Before leaving Bok’s temporary office in Loeb House, mindful of the Summers fiasco, I remarked to Derek that the time was not far off when academia would have no choice but to hand political correctness back to the politicians. Since 1978, when a pail of water had been dumped over E. O. Wilson for saying that genes influence the behavior of humans as well as of other animals, the assault against behavioral science by wishful thinking has remained vigorous. But as science is able to prove its hypotheses ever more indisputably, such irrationality must recede or betray itself as such. In showing that human genes do matter, behavioral biologists will no longer be limited to comparisons of fraternal and identical twins. Soon the cost of sequencing the As, Ts, Gs, and Cs of individual DNA molecules will drop to a thousandth of what it has been, thereby transposing our studies of behavioral differences to the much more revealing molecular level. DNA messages extracted from, say, many hundreds of psychopaths can then be compared to equivalent numbers of DNA messages from individuals prevented by their consciences from habitually lying, stealing, or killing. Specific DNA sequences consistently occurring only in psychopaths will allow us to pinpoint the genes likely malfunctioning to produce psychopathy. The thought that some people might be born to grow up wicked is inherently upsetting. But if we find such behavior to be innate, the integrity of science, no less than that of ethics, demands that we let the truth be known.

The relative extents to which genetic factors determine human intellectual abilities will also soon become much better known. At the etiological heart of much of schizophrenia and autism are learning defects resulting from the failure of key brain cells to link up properly to each other. As we find the human genes whose malfunctioning gives rise to such devastating developmental failures, we may well discover that sequence differences within many of them also lead to much of the observable variation in human IQs. A priori, there is no firm reason to anticipate that the intellectual capacities of peoples geographically separated in their evolution should prove to have evolved identically. Our desire to reserve equal powers of reason as some universal heritage of humanity will not be enough to make it so.

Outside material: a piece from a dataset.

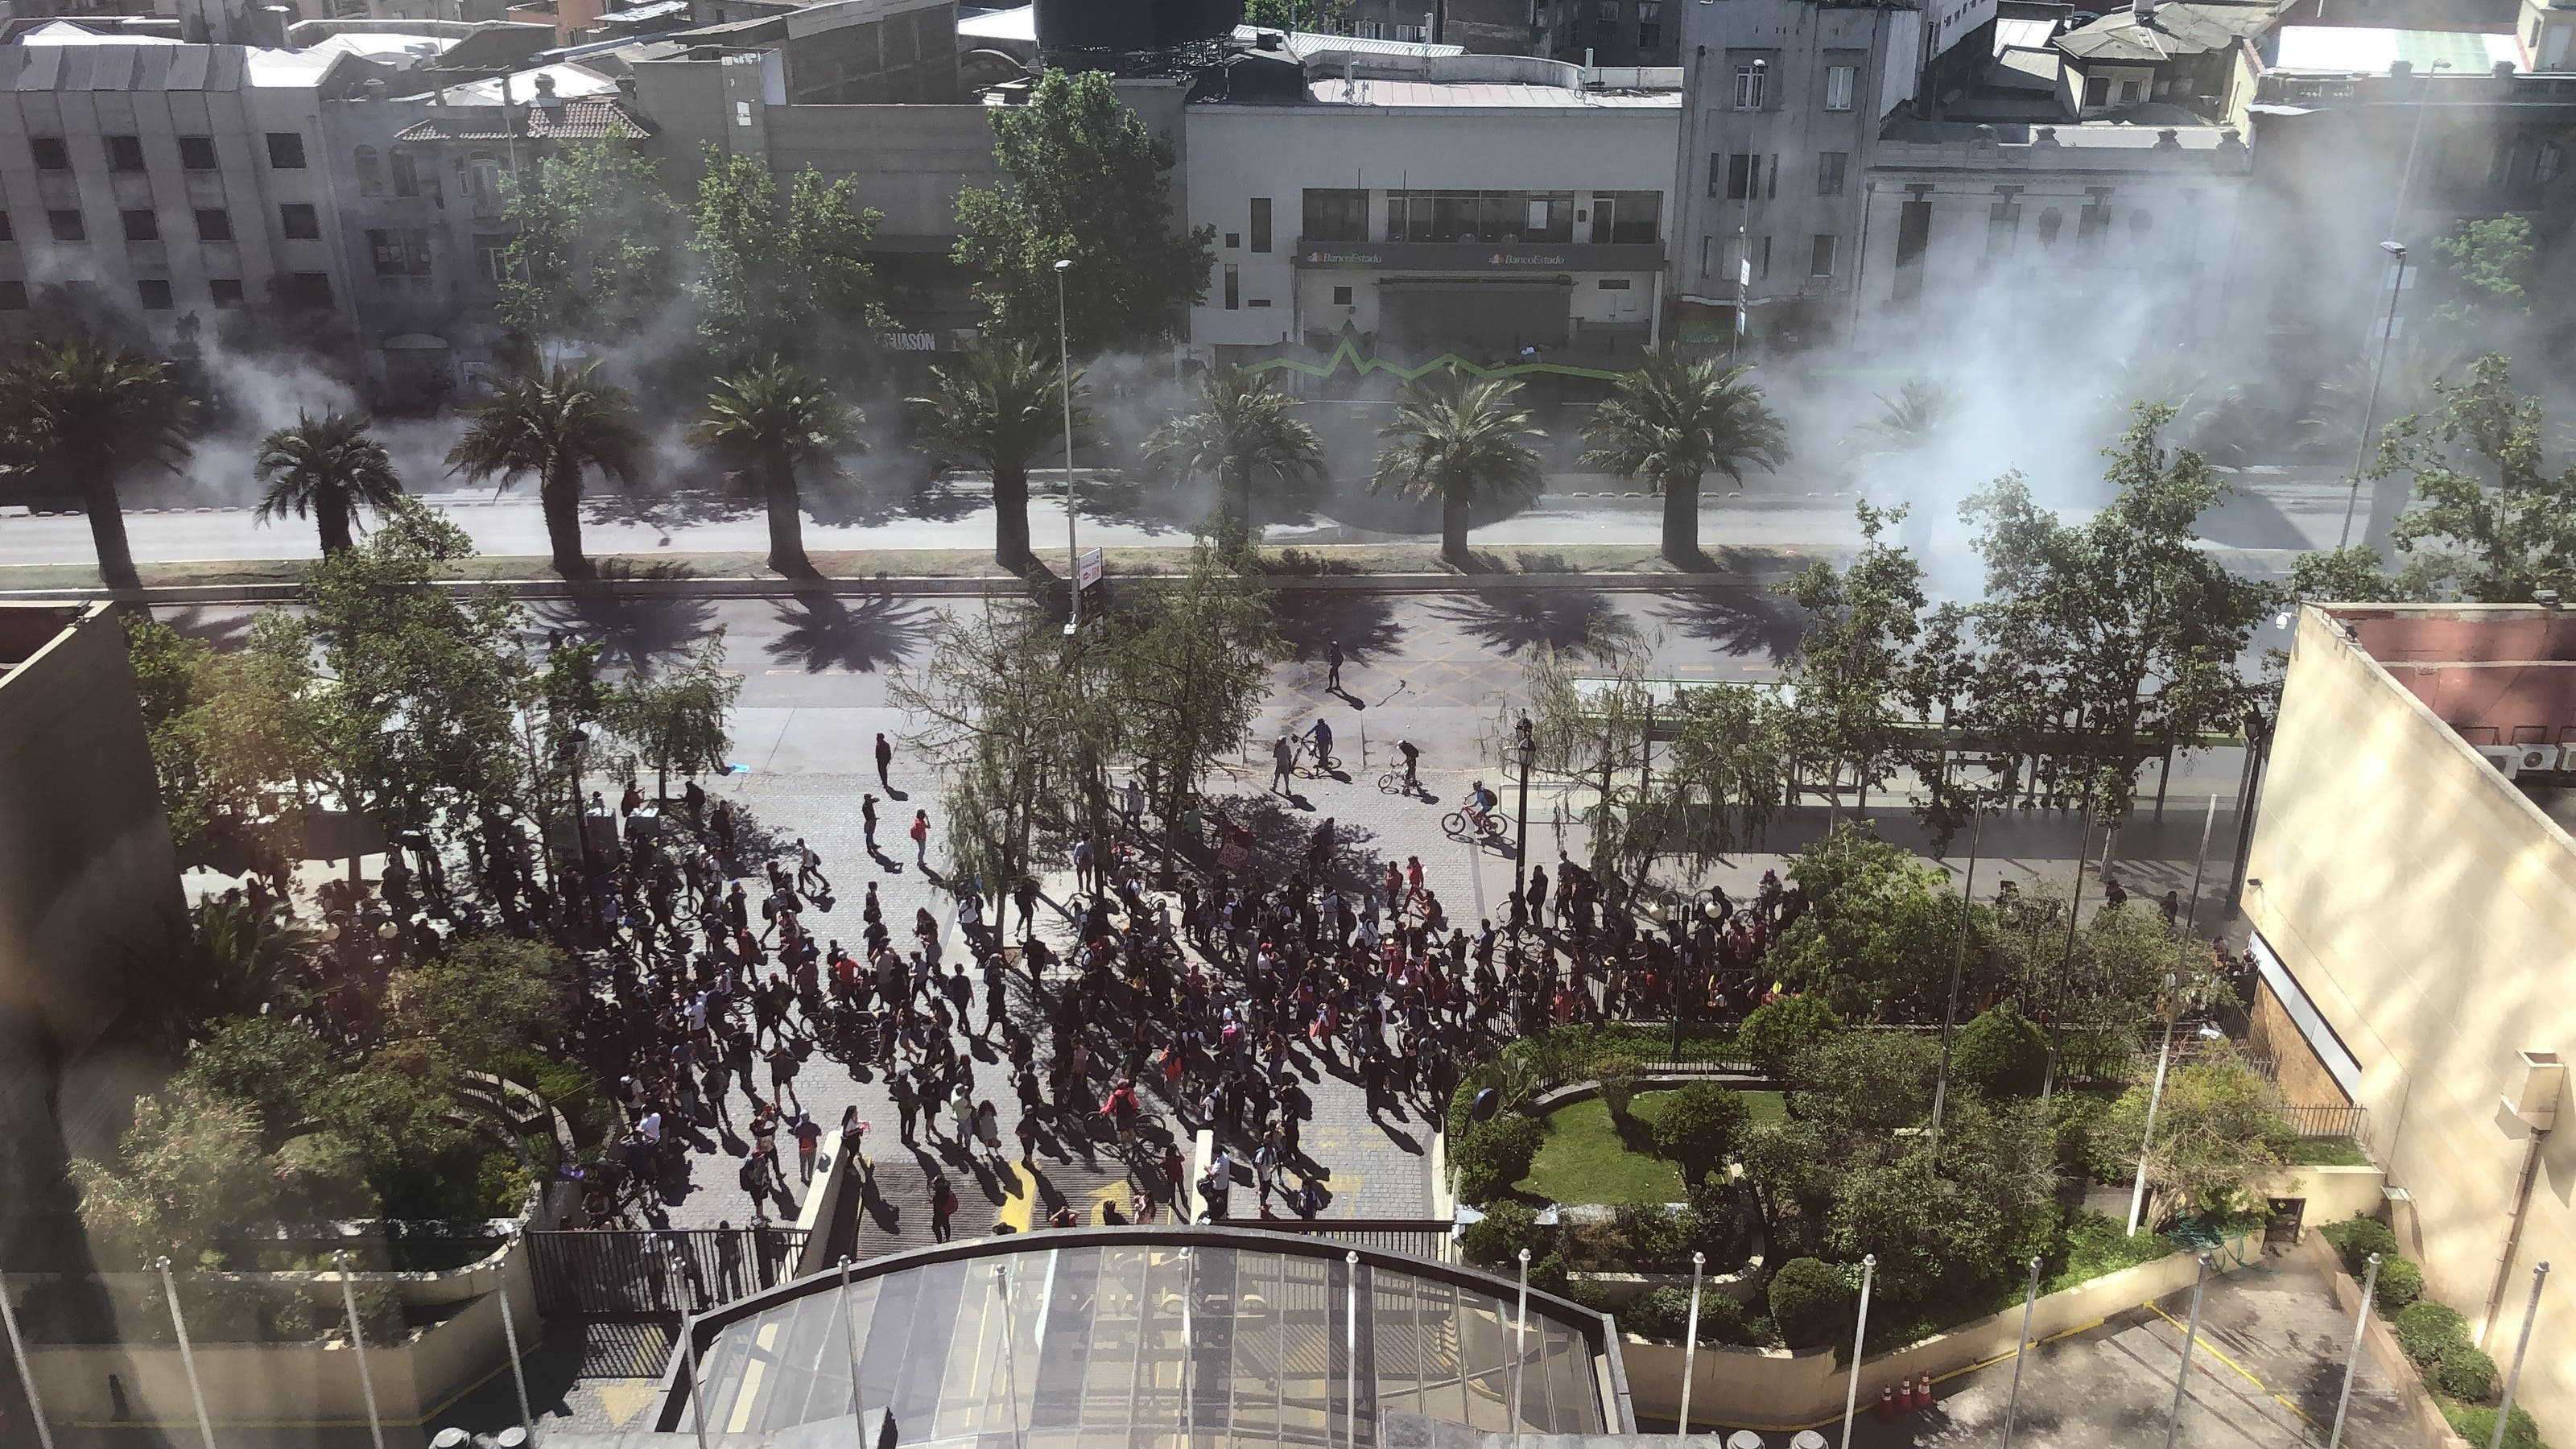 Brugger Karatekas in Chile
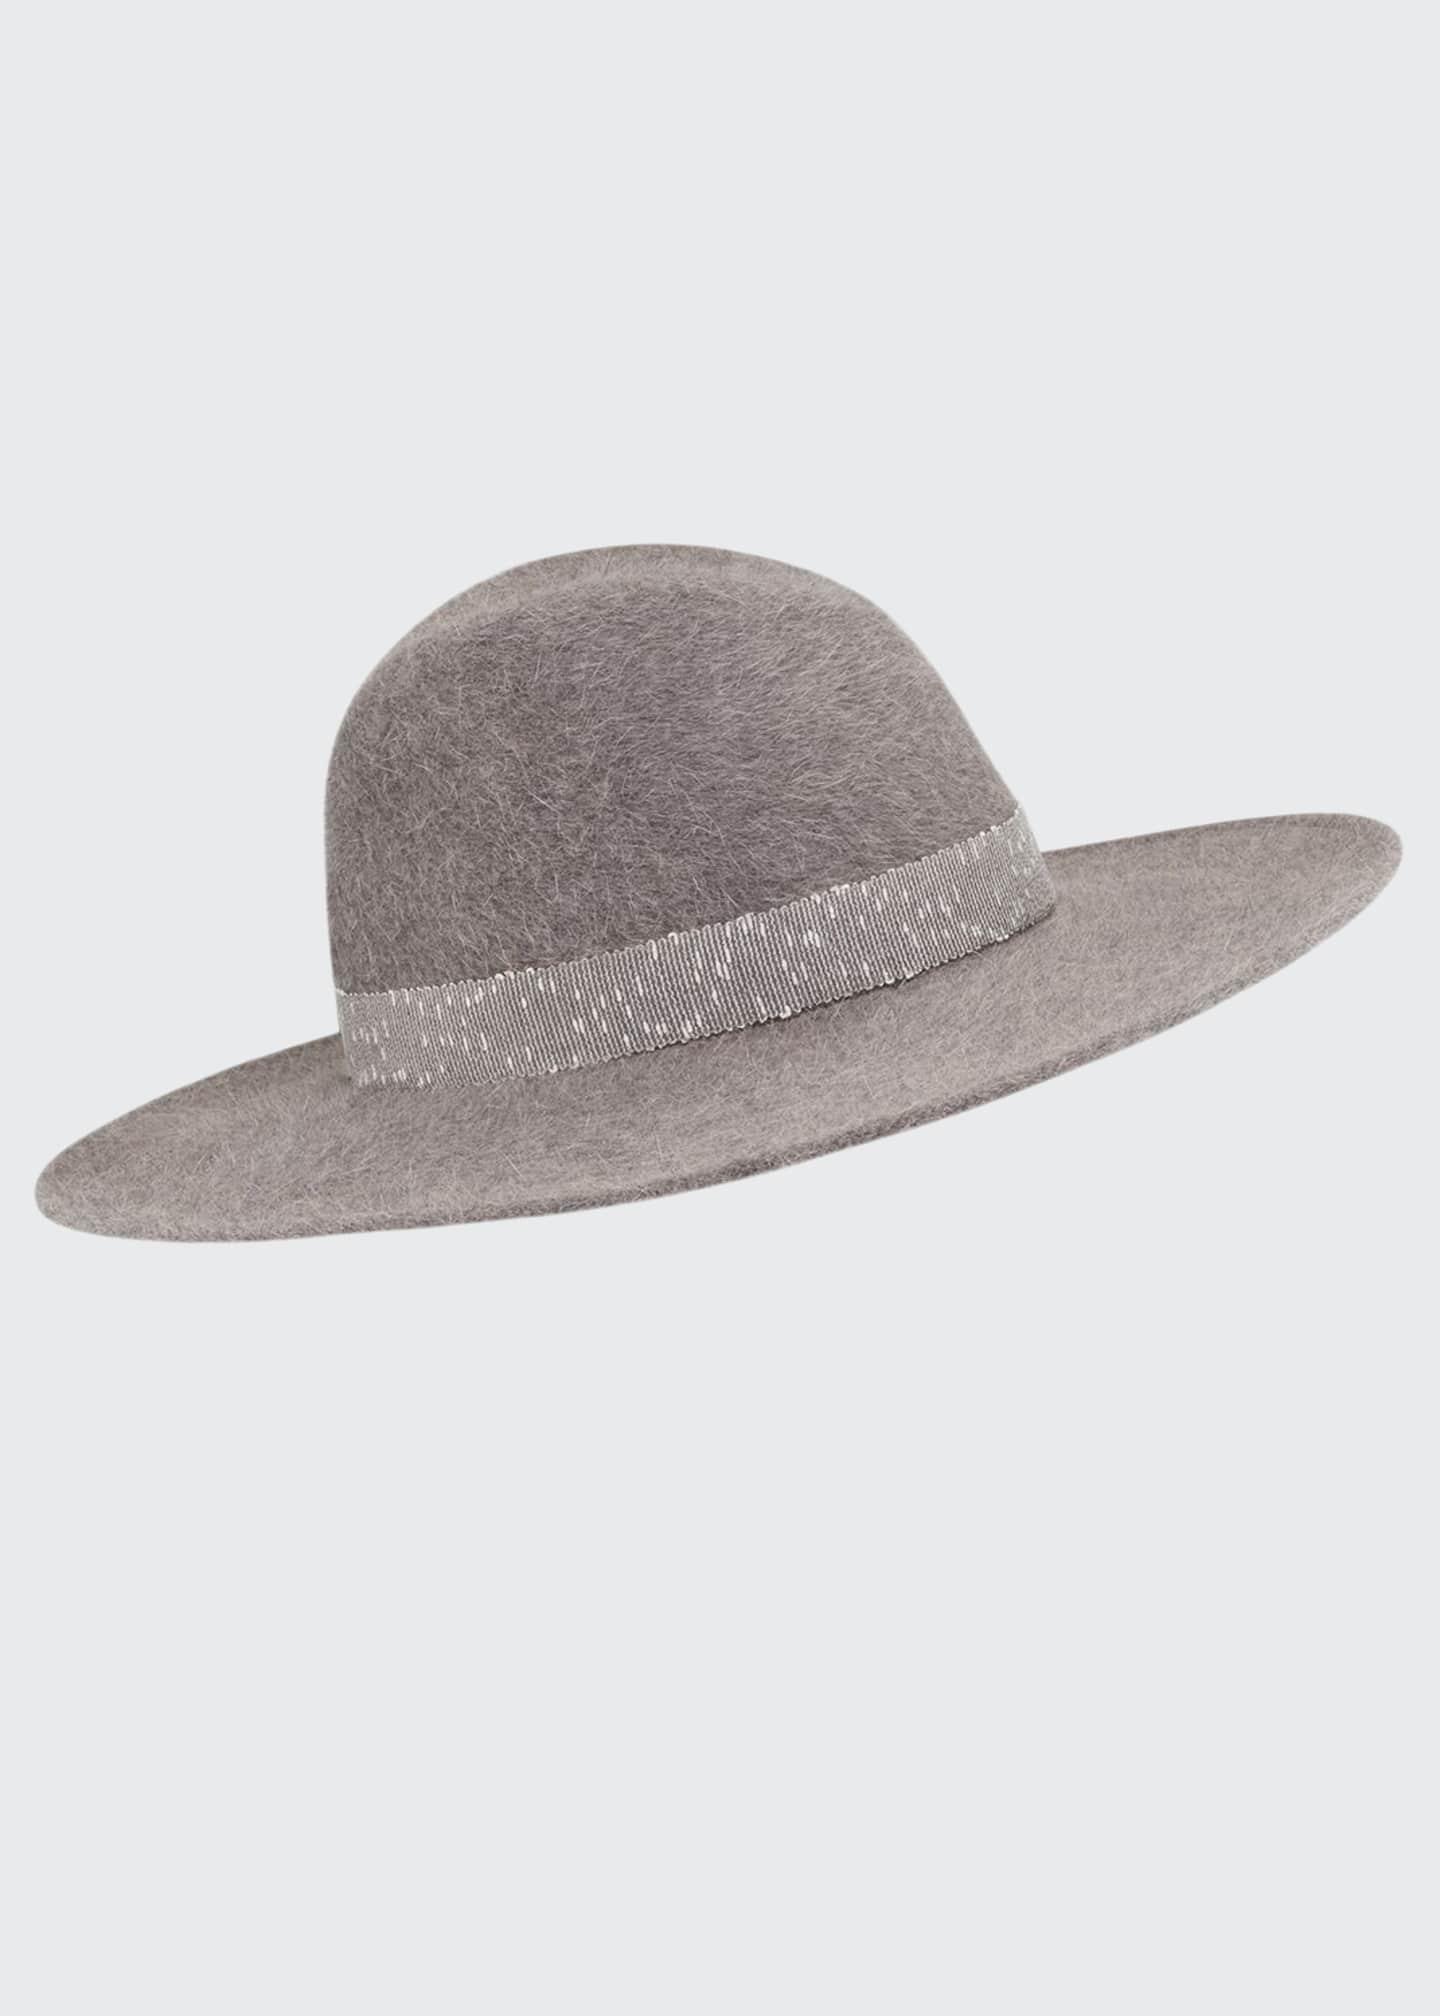 Gigi Burris Jeanne Salome Felt Fedora Hat

Rather than face up to facts that will likely change the way we look at ourselves, many persons of good will may see only harm in our looking too closely at individual genetic essences. So I was not surprised when Derek, who had spent most of our meeting listening, asked apprehensively how many years would pass before the key genes affecting differences in human intelligence would be found. My back-of-the-envelope answer of “15 years” meant that Summers’ then undetermined successor would not necessarily need to handle this very hot potato.

Upon returning to the Yard, however, I wondered if even 10 years would pass.